Mapping Jane Jacobs
I used optical character recognition to convert a pdf into text, named entity recognition algorithm to parse the text for places, Google Maps’ geocoding API to pull latitude / longitude coordinates and Carto to map everything. All of code is available here.
A quick overview of my steps…
Find the pdf
Convert pdf to text
Parse text for locations
Use the geotext library to extract country and cities from the text.

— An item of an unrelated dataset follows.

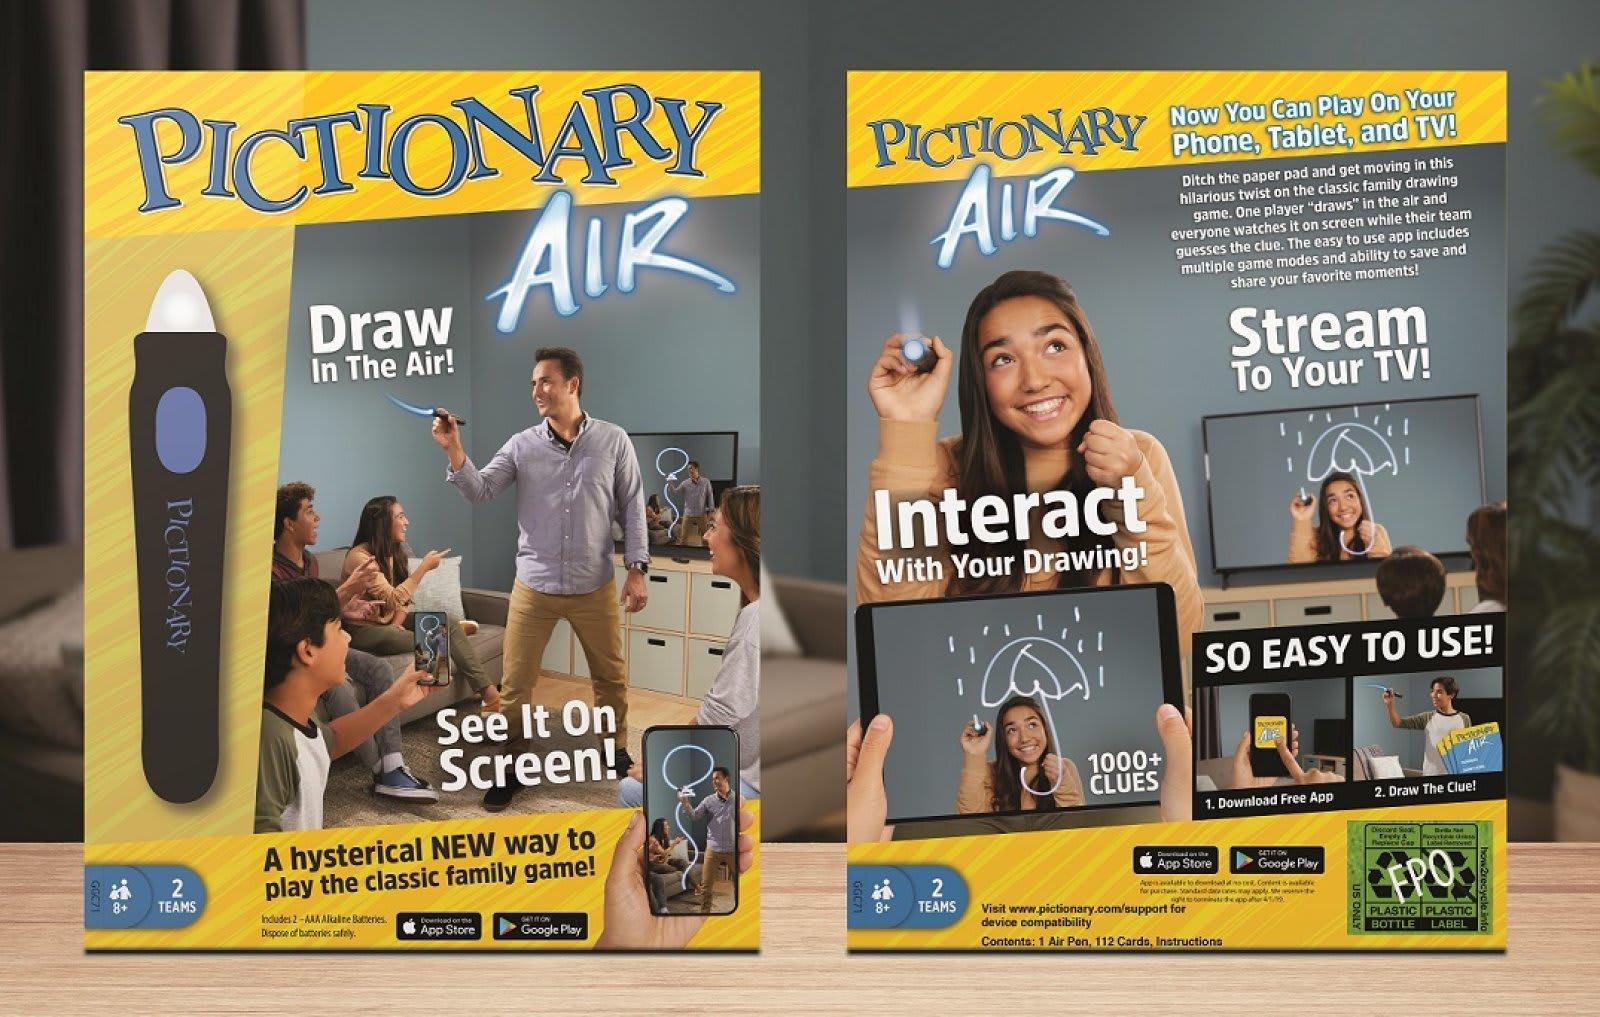 Next-gen 'Pictionary Air' arrives at Target June 23rd

from geotext import GeoText
places = GeoText(s)
Look below at a few of the cities found using this tool. Clearly, there are some mistakes (Mary and Nelson are names, not places) but some cities are correctly identified (Chicago, Philadelphia). Let’s ignore this problem for now and come back to it later.
places.cities[:10]
[u'YORK',
u'Mary',
u'Nelson',
u'Kent',
u'Most',
u'Of',
u'Chicago',
u'Chicago',
u'York',
u'Philadelphia']
Use Google Maps API to pull lat/lon coordinates
coords = {}
for city in places.cities:
geocode_result = gmaps.geocode(city)
# if google maps request doesn't return any data, don't do anything
if len(geocode_result) == 0:
pass
else:
lat = geocode_result[0]['geometry']['location']['lat']
lon = geocode_result[0]['geometry']['location']['lng']
coords[city] = ((lat,lon))
Checking that it works correctly for Boston:
Map it
I mapped the cities using Carto. The size of the bubbles represents the number of times that each city is mentioned in the text.